Example – Same Objects, Different Colours

The quickest way to visualise this is probably through an example. Say Alice has two objects of the same shape and size, but with different colours. Alice is tasked to convince Bob, who is colour blind, that both the objects indeed have different colours yet she needs to keep the colours secret from Bob.

A proof protocol could be developed as such:

The protocol starts with a state where Bob holds out with his hands both the objects in plain sight of Alice. Subsequently Bob brings both hands with the objects to his back, and execute one of two actions: switch or stay. Where switch, Bob switches the objects between two hands. Where stay, the objects stay in their original state. Upon completion Bob brings out both his hands and have Alice provide a statement whether a switch had been done or not. This could be repeated as many rounds till Bob is satisfied.

If both the objects are truly of different colours, Alice should not have any problems telling if the objects were switched between hands; However if both objects have the same colours, while Alice may be able to guess correctly the first time around, the probability of guessing correctly each round decreases (0.5 *0.5*0.5…), which could be denoted with 2^-t.This translates to Alice being able to correctly answer 5 consecutive times a mere 3% possibility.

This protocol fulfills all the properties of a zero-knowledge proof as earlier mentioned:

  1. Completeness – If Alice could reliably answer each time whether the object switched or stayed, then there is a distinct difference between the objects, which in this case being the colour.
  2. Soundness – If Alice could not reliably answer, then there are no distinction between the objects, therefore Alice is lying.
  3. Zero-Knowledge – Bob has no knowledge of what the exact colours are apart from knowing the colours are indeed different. There is also an additional zero-knowledge requirement fulfilled in such that a third party colour blind observer observing this entire process would also not be able tell with certainty whether Bob and Alice had conspired and predetermined the actions to take (stay or switch); Therefore gaining no knowledge in distinguishing the objects in the process.

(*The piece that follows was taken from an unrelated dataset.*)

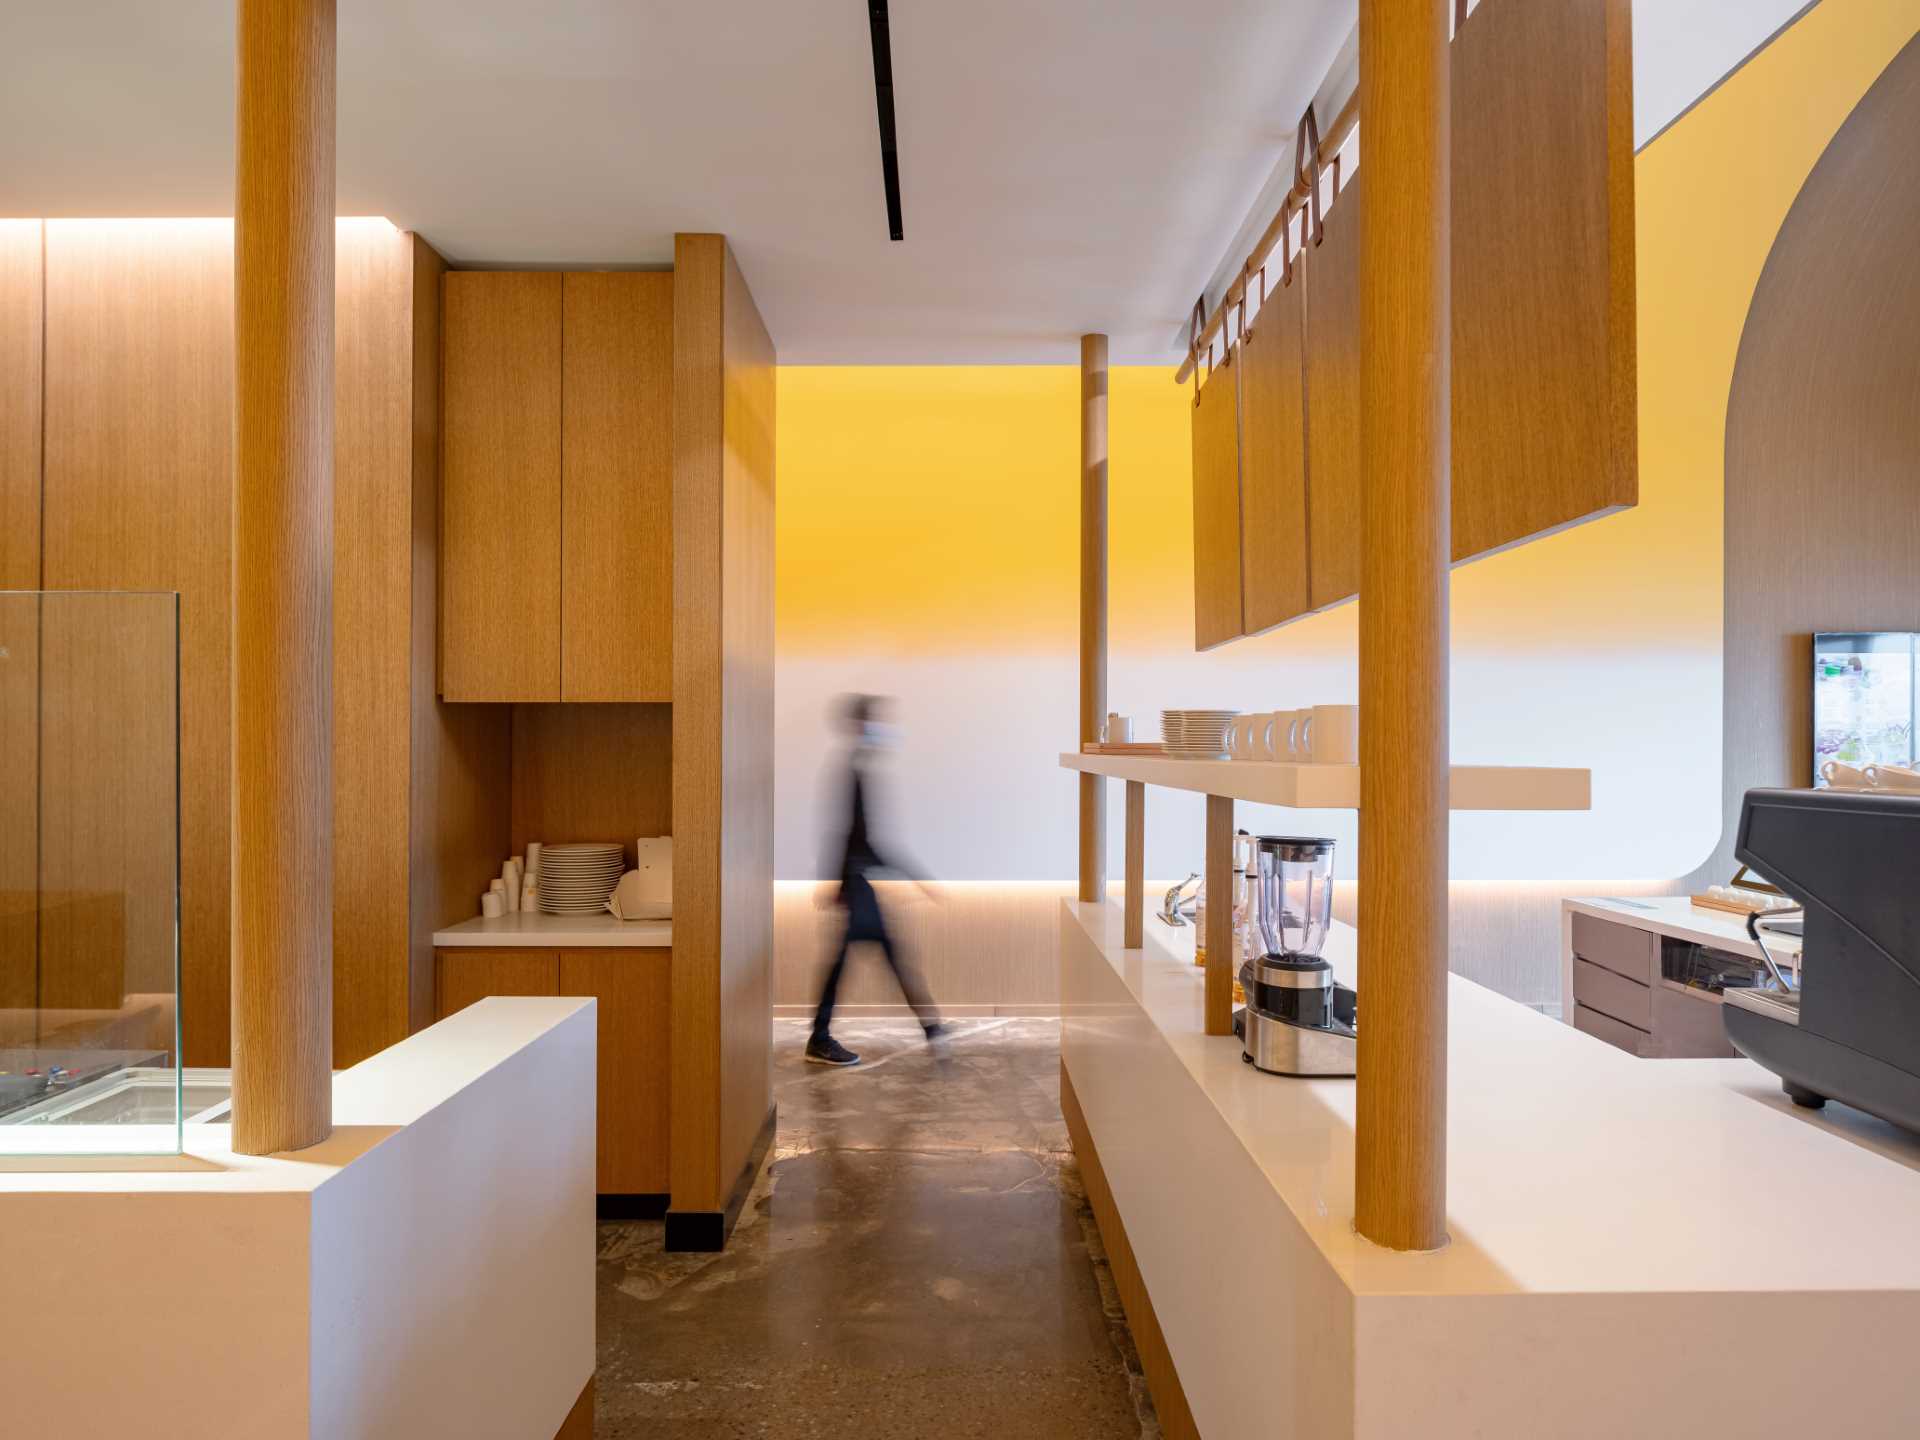 A modern cafe with an exposed kitchen and minimalist serving area.

Sure… But What About the Real World?

In real life it is highly unlikely that you’d stumble onto the exact same scenario as above, so we should look into a more practical application fulfilling the three properties of a zero-knowledge proof. One such application uses discrete logarithm (ref:

Alice has a secret key x. She creates y with (g^x) mod p = y , where g is a generator value, and p an arbitrarily large prime number. g, p and y is shared to Bob for verification on a later date. So when Alice shows up, Alice produces a random seed r and computes C = (g^r) mod p, providing Bob with C.

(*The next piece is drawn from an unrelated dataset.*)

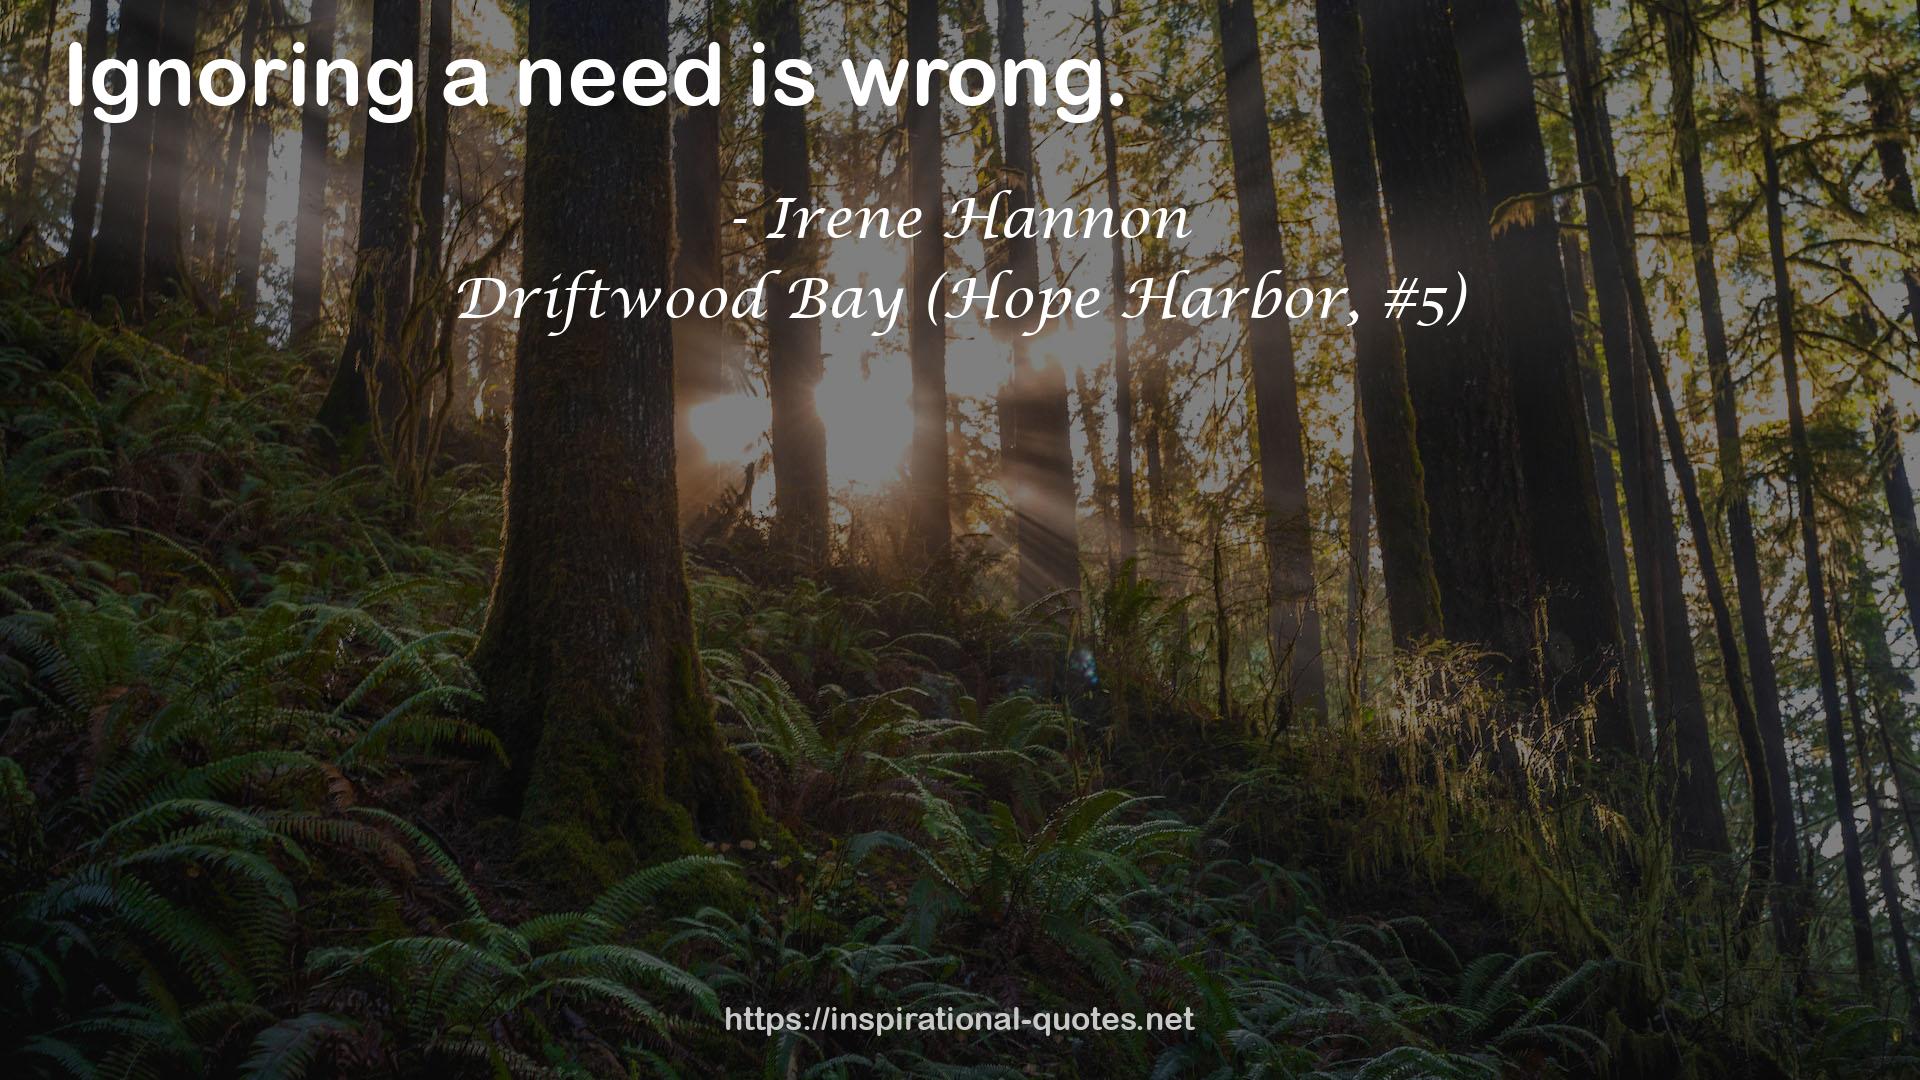 Driftwood Bay (Hope Harbor, #5) QUOTES

From there, Bob randomly requests for one of the below repeated over a number of times:

  1. Provide me with random seed r.
  2. Provide me with value derived from (x + r) mod (p – 1).

Where scenario 1 is asked for, Bob calculates (g^r) mod p to derive C, and cross checks against the C Alice provides. This allows Bob to know that Alice is using the same and p with (g^r) mod p to derive C, hence having a high likelihood of knowing x. Where scenario 2 is asked for, Bob computes g^((x+r)mod(p-1)) mod p, then checks this against (C * y) mod p, which would unlikely be the same if x is not known.

Ending Notes

This being a very brief introduction, where in reality there are multitudes of variants and possibilities for zero-knowledge proofs to be worked on (e.g. zkSNARK), and some very nice use cases already out in the wild (e.g. anonymous payment channels). Continuous research for both use cases and technical implementations are are expected and will be very much looked forward to.